Registered: 11/19/09
Posts: 953
Great suggestions Mark! I especially agree about being as "intimate" or perhaps a more suitable word, "engaging" with the reader as possible.

#1534347 - 10/13/10 02:07 AM Re: Using music on an application? [Re: Frozenicicles]
Frozenicicles Offline
1000 Post Club Member

Registered: 09/02/09
Posts: 1325
Loc: Canada
Thanks for the great suggestions, Mark and Rui! I've created a rough outline of my essay based on your suggestions, which I need to now flesh out and polish. I'm glad that based on the small sample size I have here, it seems that putting piano on an application essay seems to be a good idea. College applicants: this is an excellent thread to read!

#1535029 - 10/14/10 12:33 AM Re: Using music on an application? [Re: MarkH]
MegumiNoda Offline
Full Member

Registered: 05/31/09
Posts: 214
Great advice, Mark!

Adding in my own two cents: maybe instead of "intimate," I would say "concrete" or "vivid." Avoid frequently used cliches, even if you mean them sincerely. For example, don't say "I feel passionate about Beethoven; I find his Eroica symphony so inspiring!" Explain in concrete details. I think it's hard to write about music convincingly. Even the professionals have a tough time. Here is an interesting Article/advice/gripe from Jeremy Denk about writing program notes.

Since some of your readers may be sophisticated musicians themselves, the essay should not rub them the wrong way (i.e., since they can't hear you, they can only judge how serious a musician you are through your writings).

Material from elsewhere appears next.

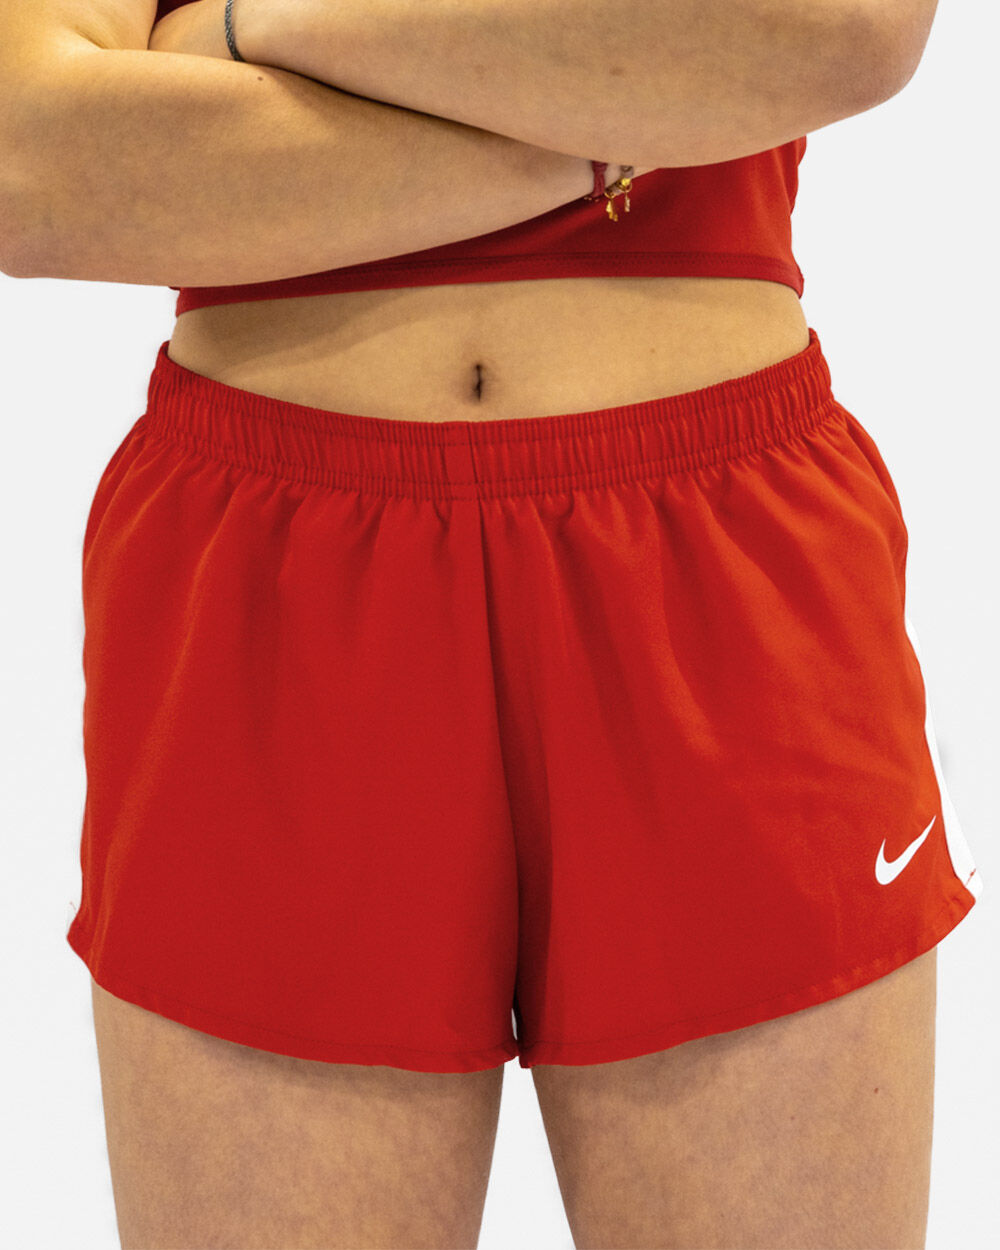 Pantalón corto para correr Nike Stock Rojo para Mujeres - NT0304-657

Admissions committees typically get a lot of applications, so they don't have the time (or desire) to read through all the essays carefully. You have to make sure that the main point gets communicated as effectively as possible. Don't assume that they will make the inferences on their own. For example, if you meant to suggest that studying music gave you skills that would help in your chosen field, you should explicitly discuss each case.

Good luck!

#1535702 - 10/15/10 01:31 AM Re: Using music on an application? [Re: Frozenicicles]
MarkH Offline
500 Post Club Member

Registered: 11/16/08
Posts: 919
Loc: Seattle, WA
I went out tonight with a number of other professors who work at the college where I was just employed in my first real job as a professor. We were there nominally celebrating the success of some committee or other, but of course, conversation went much wider than that. At one point, we were all discussing how bizarre an ensemble we would make together, with two rock drummers, a bluegrass guitar, a classical violin and a classical piano. Some people at the table hadn't known that I played piano, but one other professor, the classical violinist who studied in college, and who'd been on the hiring committee that chose me, chimed in with something like, "yeah, that's part of why we hired him!" This comment wasn't followed by joking laughter to imply a joke or playfulness. I don't know how serious the comment actually was, but I'm sure there was some amount of truth to it. Once you've narrowed down an applicant pool to all people who are completely qualified, I think many times people will push for applicants they know they will like and work well with. This is may be more true for job applications, where you may work directly with people on the committee, than for college applications, but I think it's going to have a positive effect on both.

#1535781 - 10/15/10 06:19 AM Re: Using music on an application? [Re: Frozenicicles]
John_B Offline
500 Post Club Member

Registered: 01/17/10
Posts: 621
Loc: Bristol, UK
Many, many decades ago, when I was doing post grad physics, it was notable how many students and lecturers in the science departments at the University had a great interest in classical music and many were very accomplished musicians.

Of course times change but I can't see that writing about your love of music and the piano can do anything but enhance your application. Especially if you *subtly* link it with the ideas of commitment, perseverance, and the ability to work hard in your chosen fields of interest.

It all adds depth to you as a person and that can only be good.

[Edit - scrub the bit about linking it to commitment, etc, etc as those aspects are implicit anyway and stressing them unduly risks it looking contrived.]